Having a matryoshka a that isn’t nested in any other matryoshka and a matryoshka b, such that b doesn’t contain any other matryoshka and is not nested in any other matryoshka, you may put a in b;

Having a matryoshka a directly contained in matryoshka b, such that b is not nested in any other matryoshka, you may get a out of b.

According to the modern aesthetic norms the matryoshka dolls on display were assembled in a specific configuration, i.e. as several separate chains of nested matryoshkas, but the criminal, following the mysterious plan, took out all the dolls and assembled them into a single large chain (1 → 2 → … → n). In order to continue the investigation Andrewid needs to know in what minimum time it is possible to perform this action.

Input

The first line contains integers n (1 ≤ n ≤ 105) and k (1 ≤ k ≤ 105) — the number of matryoshkas and matryoshka chains in the initial configuration.

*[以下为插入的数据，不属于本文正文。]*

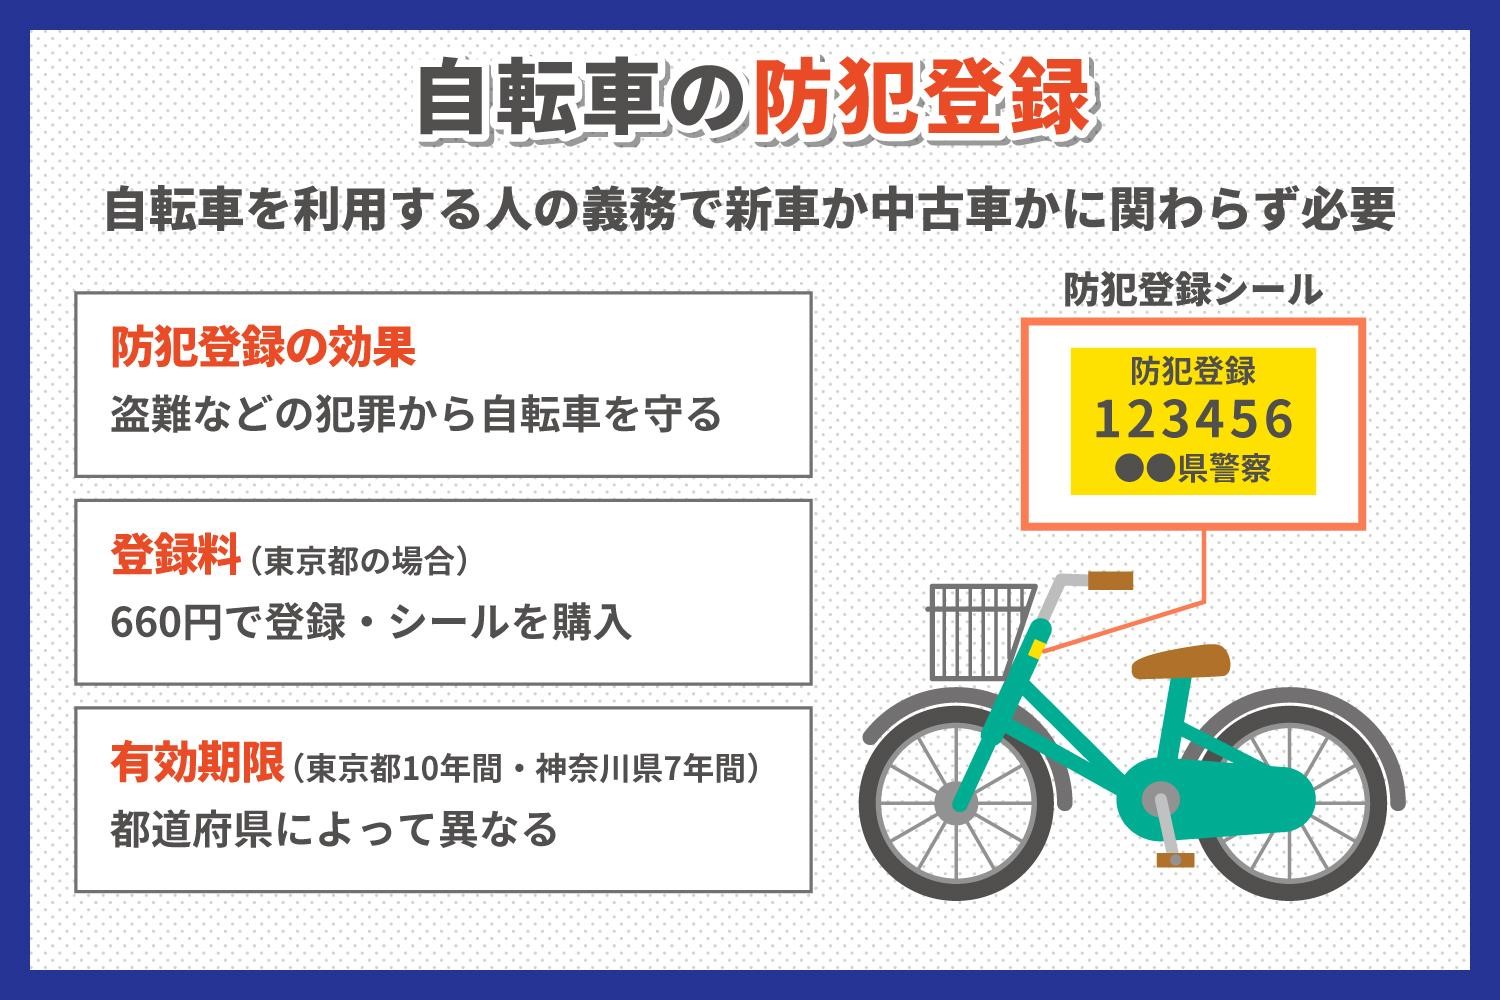 通販で購入した自転車にも防犯登録は必要

The next k lines contain the descriptions of the chains: the i-th line first contains number mi (1 ≤ mi ≤ n), and then mi numbers ai1, ai2, …, aimi — the numbers of matryoshkas in the chain (matryoshka ai1 is nested into matryoshka ai2, that is nested into matryoshka ai3, and so on till the matryoshka aimi that isn’t nested into any other matryoshka).

It is guaranteed that m1 + m2 + … + mk = n, the numbers of matryoshkas in all the chains are distinct, in each chain the numbers of matryoshkas follow in the ascending order.

Output

In the single line print the minimum number of seconds needed to assemble one large chain from the initial configuration.

Examples

input

3 2

2 1 2

1 3

output

1

input

7 3

3 1 3 7

2 2 5

2 4 6

output

10

Note

In the first sample test there are two chains: 1 → 2 and 3. In one second you can nest the first chain into the second one and get 1 → 2 → 3.

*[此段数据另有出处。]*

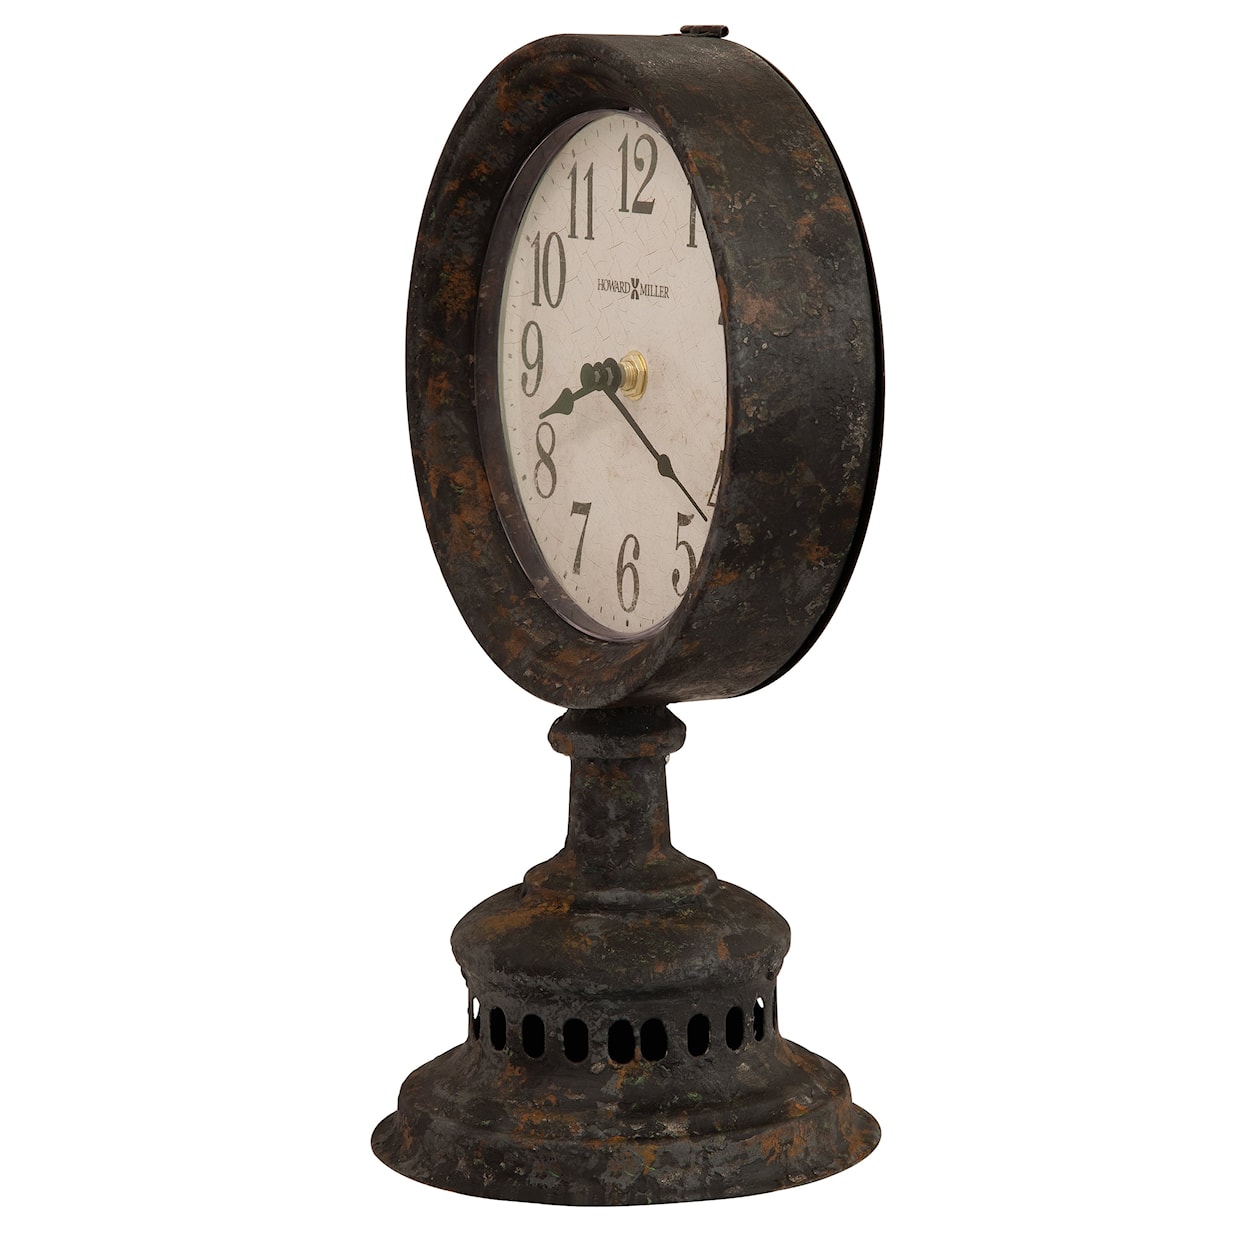 Howard Miller Howard Miller Ardie Mantel Clock

In the second sample test you need to disassemble all the three chains into individual matryoshkas in 2 + 1 + 1 = 4 seconds and then assemble one big chain in 6 seconds.

【题目链接】:http://codeforces.com/contest/556/problem/C

【题解】



英文题………

这个是俄罗斯套娃。。。。。。



读懂题意之后..

其实很简单了。。

每个套娃必须是单个才能套在其他套娃身上..(其他套娃里面可以套没关系,但是它本身必须是在最外面的);

且拆也只能一个一个的拆.

但是最后又必须是1..n的顺序;

则只能是序号为1的套娃,那连续的几个套娃能够节省,否则都要拆成1个一个的.

比如

7 2

4 1 2 3 5

3 4 6 7

则只有1 2 3这个可以不用拆开

剩余的都要拆成单个

即5 4 6 7都拆成单个的.

然后再一个一个地拼在1 2 3的后面.(1 2 3作为整体);

而且

7 2

4 5 1 2 3

3 4 6 7

这种也一个都不能节省需要全部都拆成单个的

(1 2 3也不能作为整体了);

因为1 2 3前面有一个5;

这个5肯定要拆开的…

而要拆开5 只能把3 、2、1都一个一个地拆开…



【完整代码】

#include <bits/stdc++.h>
using namespace std;
#define lson l,m,rt<<1
#define rson m+1,r,rt<<1|1
#define LL long long
#define rep1(i,a,b) for (int i = a;i <= b;i++)
#define rep2(i,a,b) for (int i = a;i >= b;i--)
#define mp make_pair
#define pb push_back
#define fi first
#define se second
#define rei(x) scanf("%d",&x)
#define rel(x) scanf("%I64d",&x)
#define pri(x) printf("%d",x)
#define prl(x) printf("%I64d",x)

typedef pair<int,int> pii;
typedef pair<LL,LL> pll;

const int MAXN = 1e5+100;
const int dx[9] = {0,1,-1,0,0,-1,-1,1,1};
const int dy[9] = {0,0,0,-1,1,-1,1,-1,1};
const double pi = acos(-1.0);

int n,k;
int b[MAXN];
vector <int> a;

int main()
{
    //freopen("F:\\rush.txt","r",stdin);
    int ans = 0,tot =0;
    rei(n);rei(k);
    rep1(i,1,k)
    {
        int num,temp1=0;
        rei(num);
        rep1(i,1,num)
            rei(b[i]);
        temp1+=num;
        int now = 1;
        if (b[now]==1)
        {
            while (now+1<=num && b[now+1]==b[now]+1)
                now++;
            temp1-=now;
        }
        tot+=temp1;
        if (temp1>0)
            ans+=temp1-1;
        if (temp1>0 && temp1 < num)
            ans++;
    }
    //cout << ans << endl;
    ans+=tot;
    cout << ans << endl;
    return 0;
}